The task — Line for line, return the data exactly, omitting all pictures.

Information supplied —
*** Begin section ***

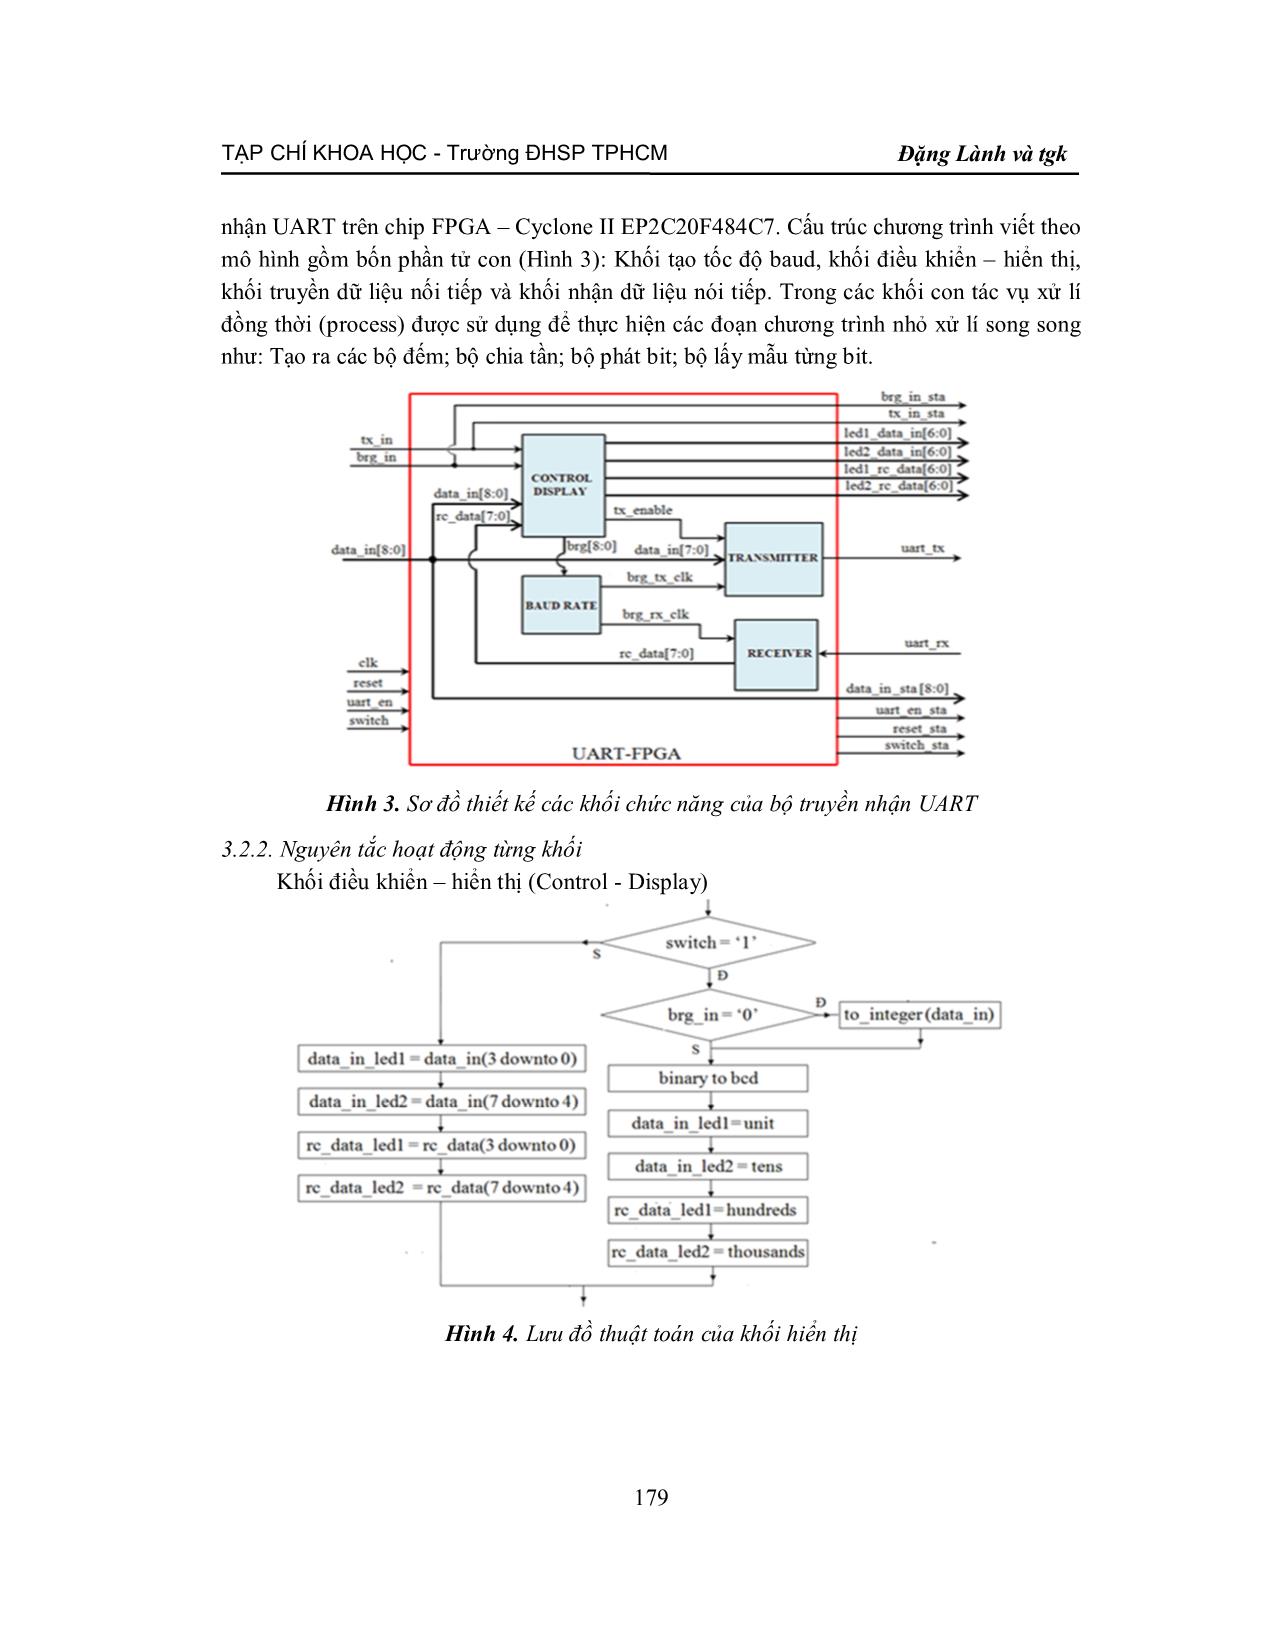 Ứng dụng công nghệ FPGA để thiết kế bộ truyền, nhận dữ liệu giao tiếp với máy tính trên thiết bị DE1 qua đường truyền UART trang 4
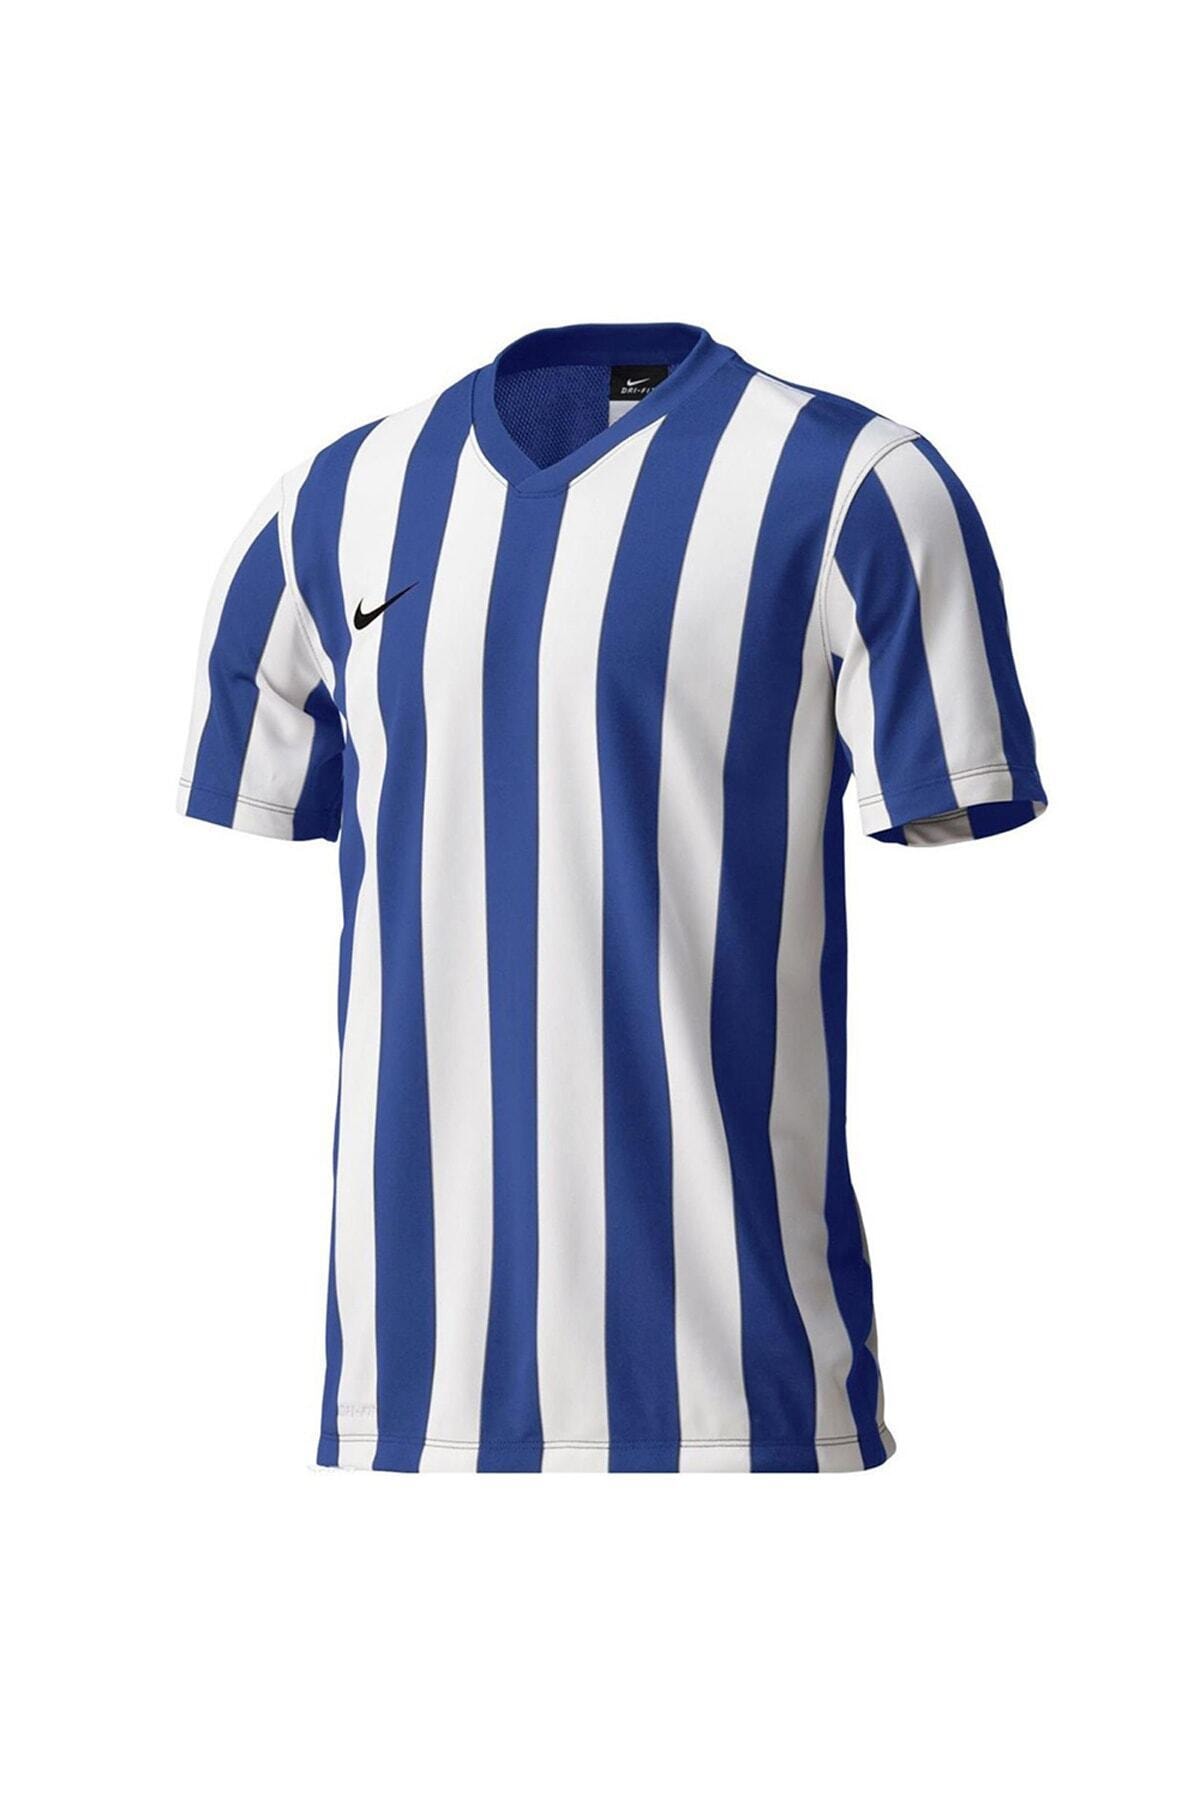 Nike 588411-463 SS Striped Division Futbol Forması
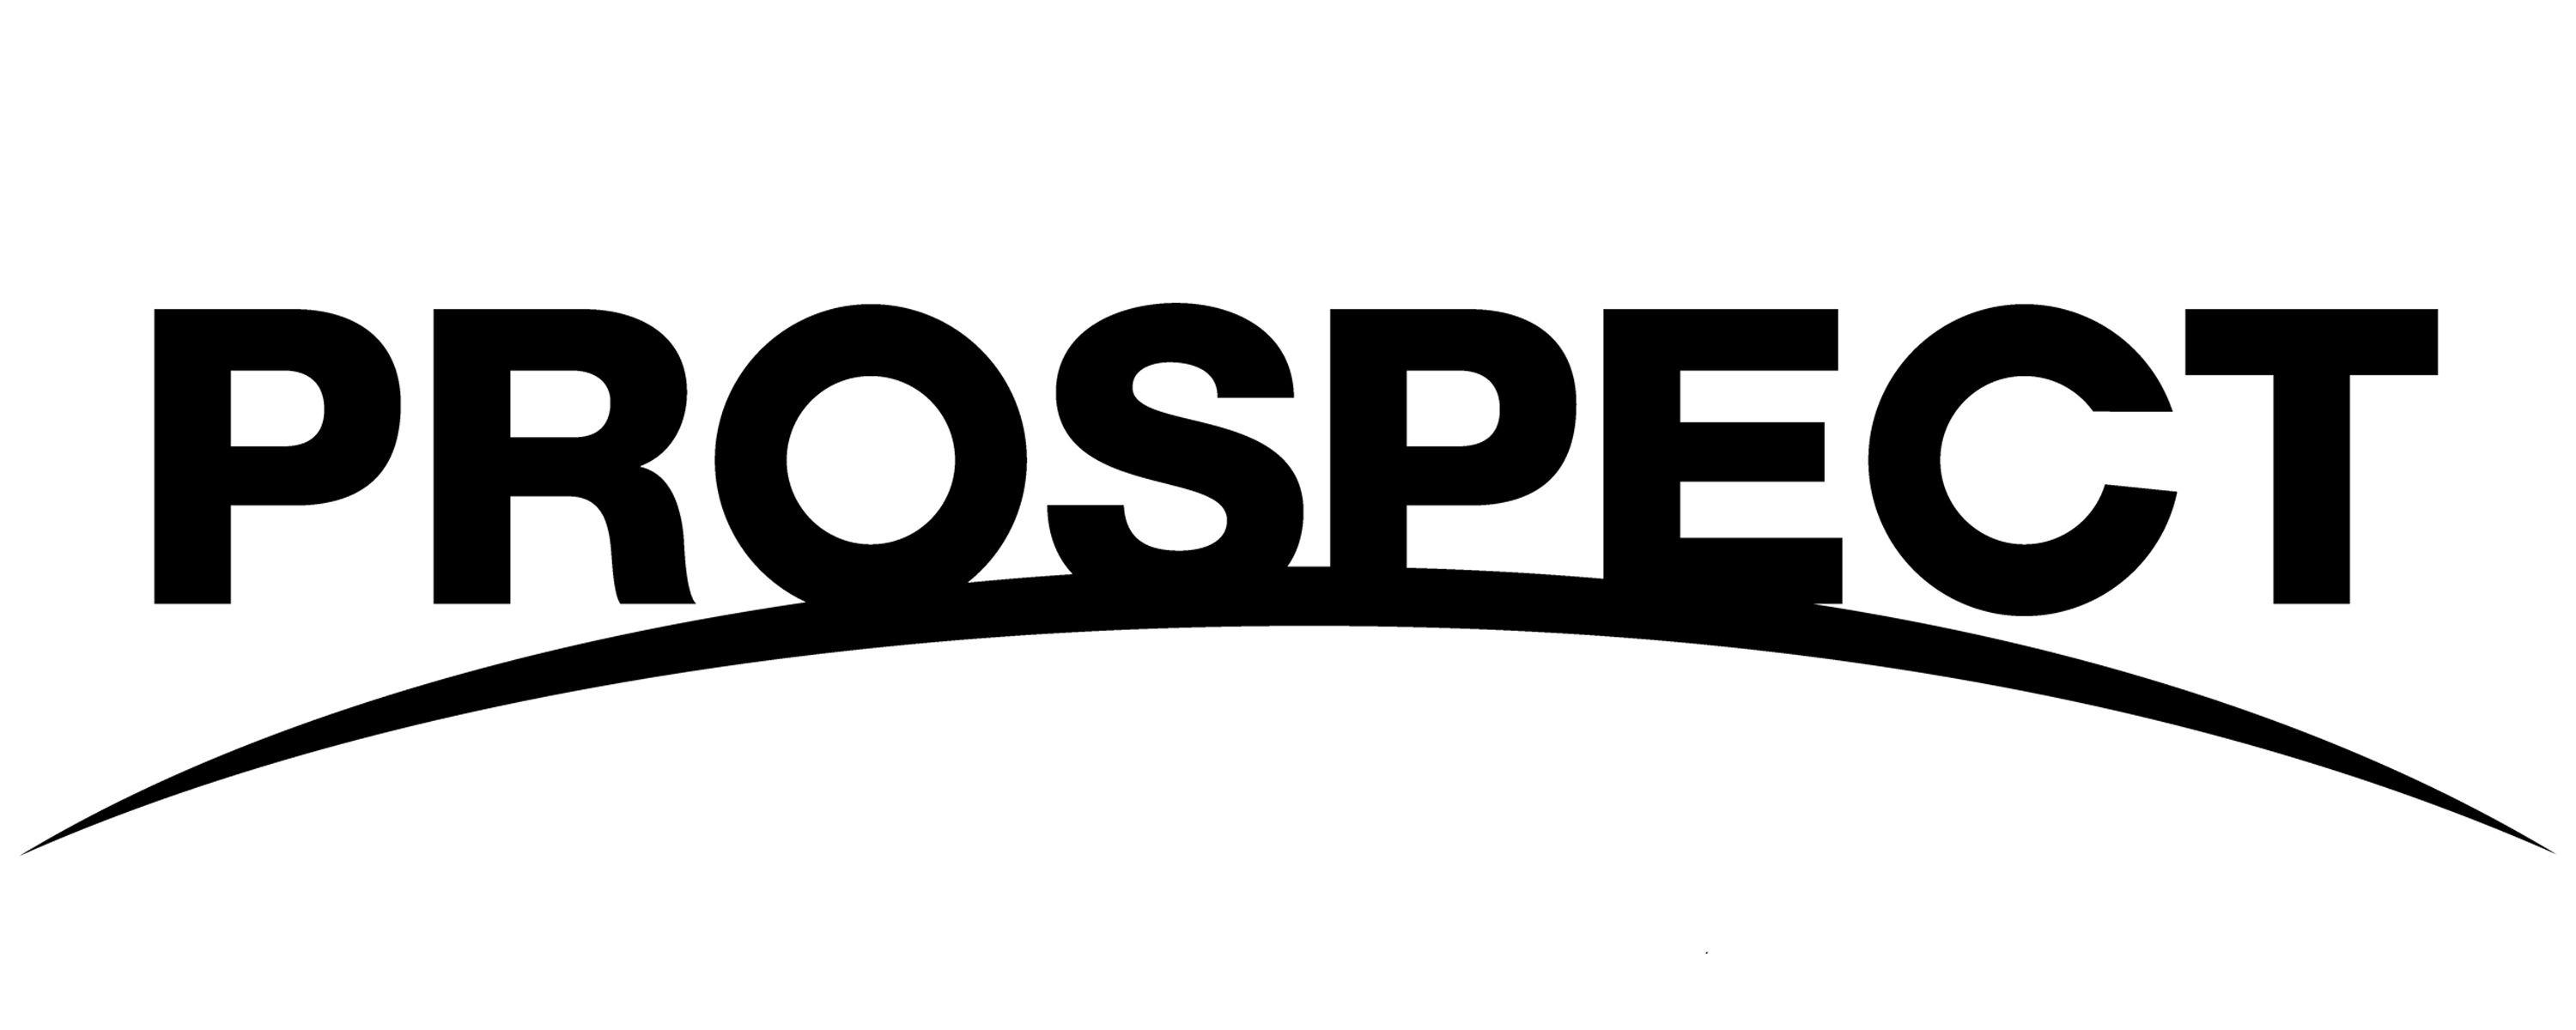 Prospect Logo - prospect-logo - The Immigrant Education Society - TIES

*** End section ***

Your response —
 Ứng dụng công nghệ FPGA để thiết kế bộ truyền, nhận dữ liệu giao tiếp với máy tính trên thiết bị DE1 qua đường truyền UART trang 4
 Nike 588411-463 SS Striped Division Futbol Forması
 Prospect Logo - prospect-logo - The Immigrant Education Society - TIES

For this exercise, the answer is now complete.